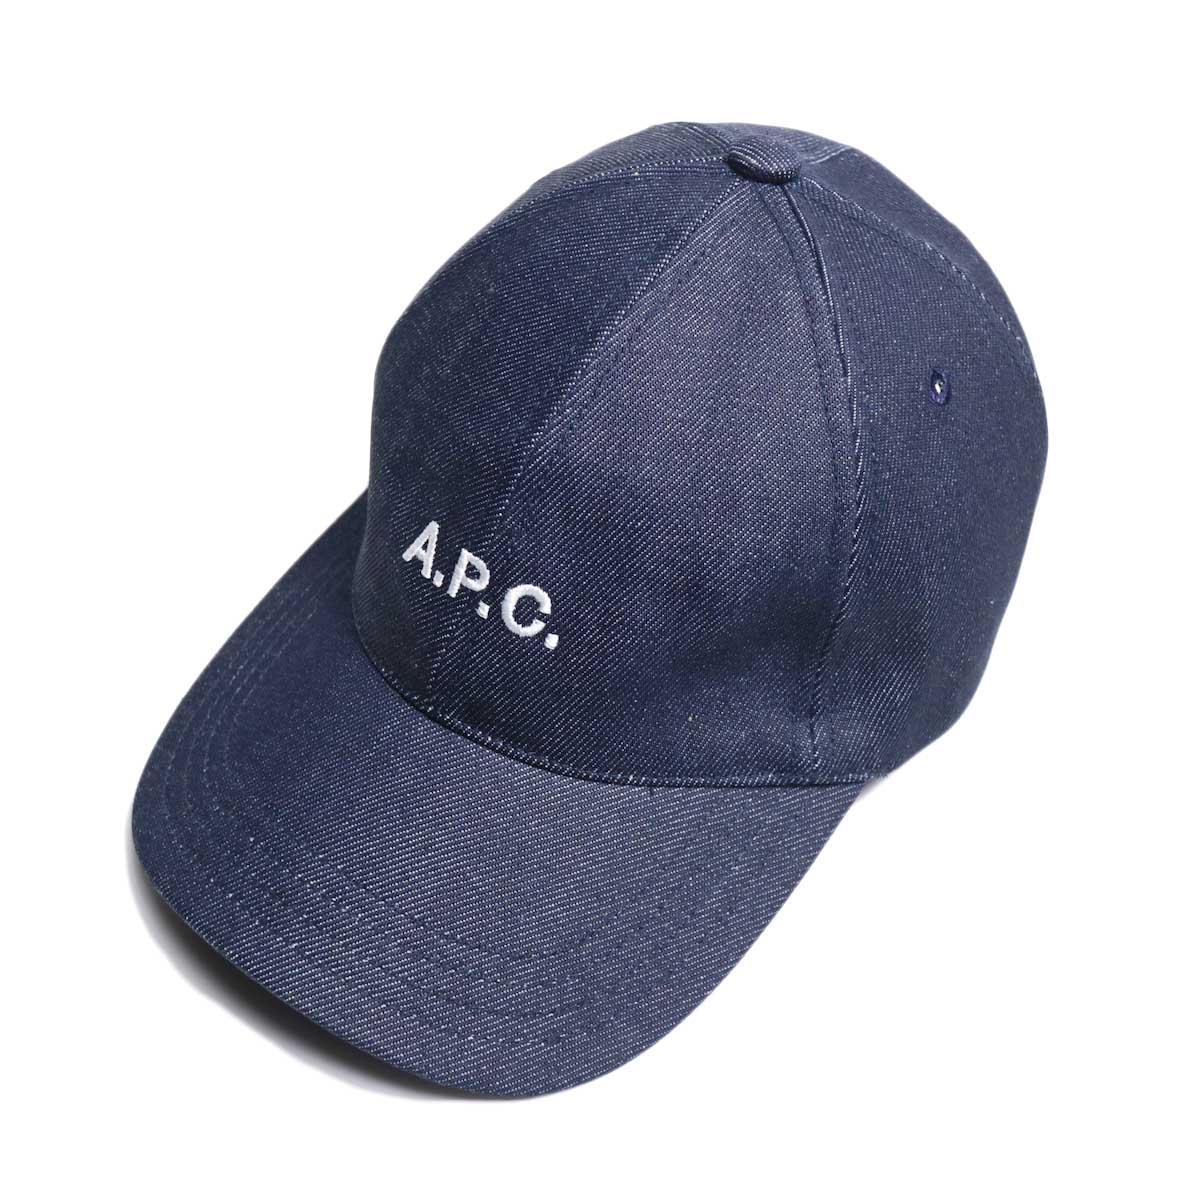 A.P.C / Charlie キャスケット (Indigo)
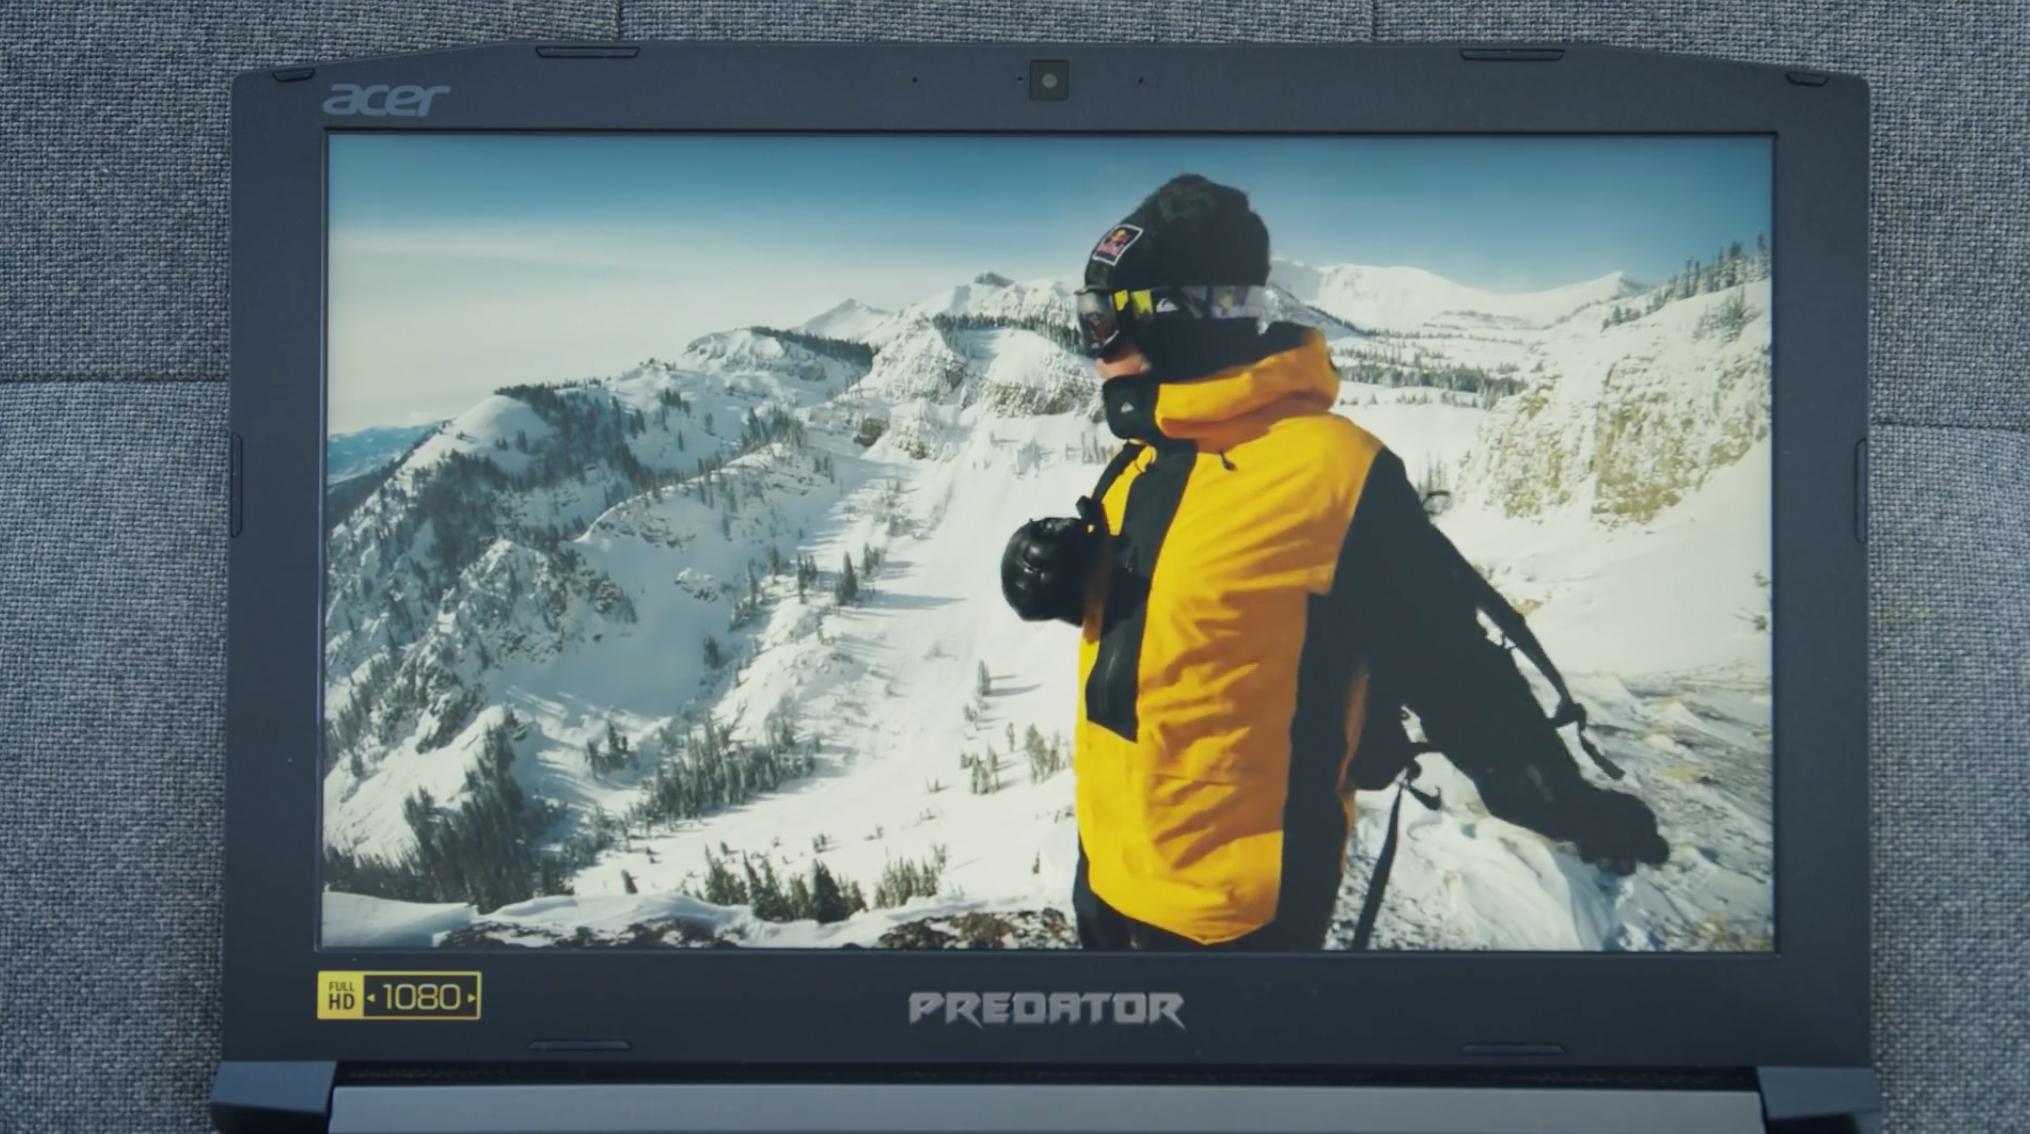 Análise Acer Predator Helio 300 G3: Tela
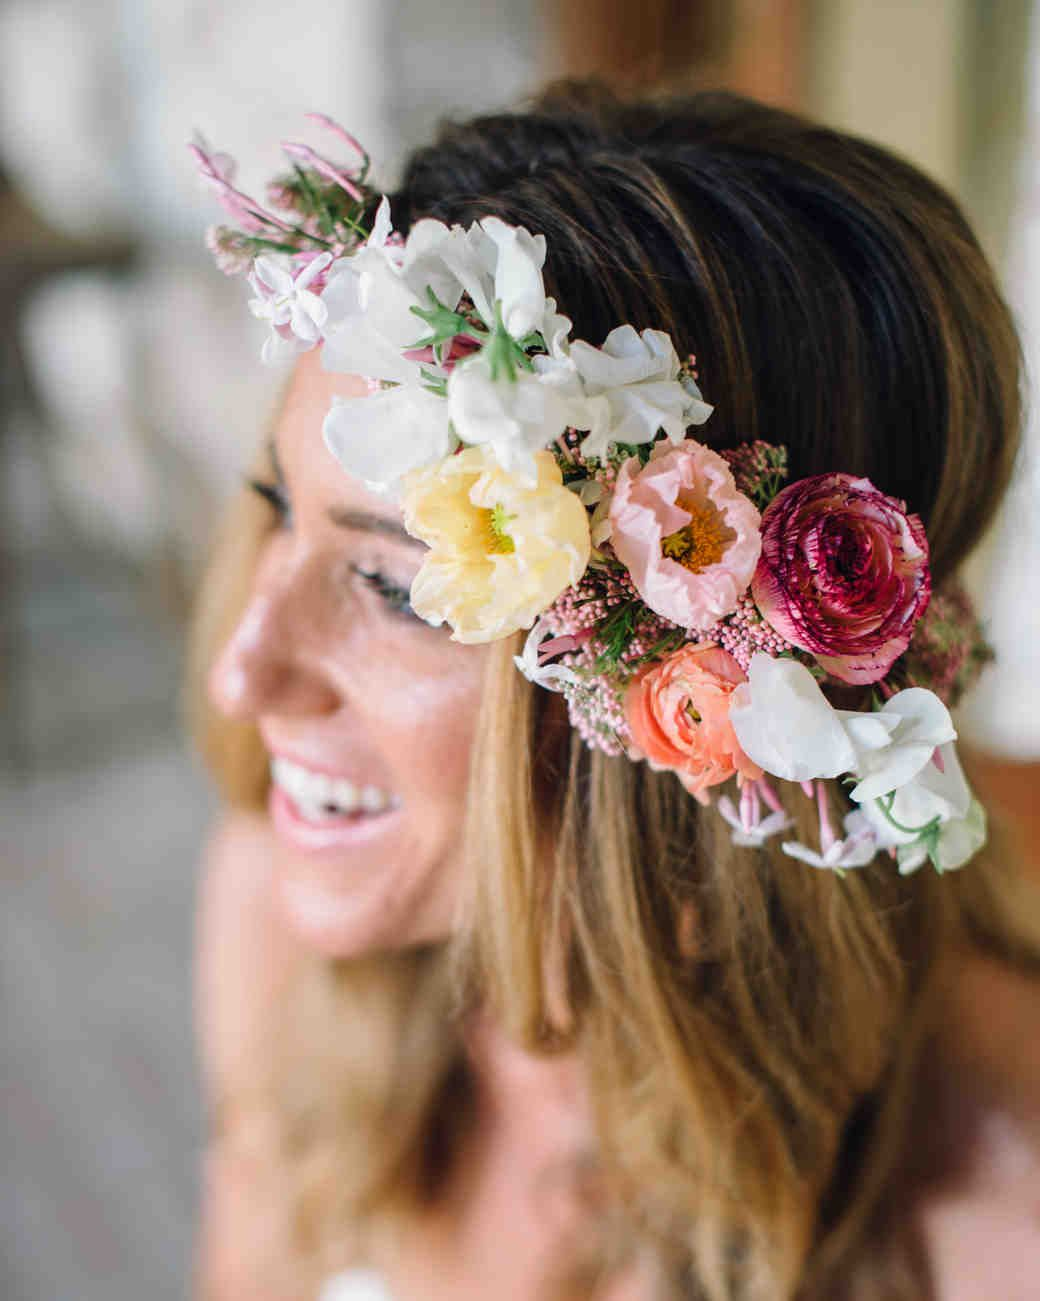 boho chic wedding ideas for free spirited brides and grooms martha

= = = =

WHAT THE EXERCISE ASKS:
Reproduce, unchanged, each line between the one with "Análise Acer Predator Helio 300 G3: Tela" and the last line of the material, both included; the pictures do not go in.

ANSWER SECTION:
 Análise Acer Predator Helio 300 G3: Tela
 boho chic wedding ideas for free spirited brides and grooms martha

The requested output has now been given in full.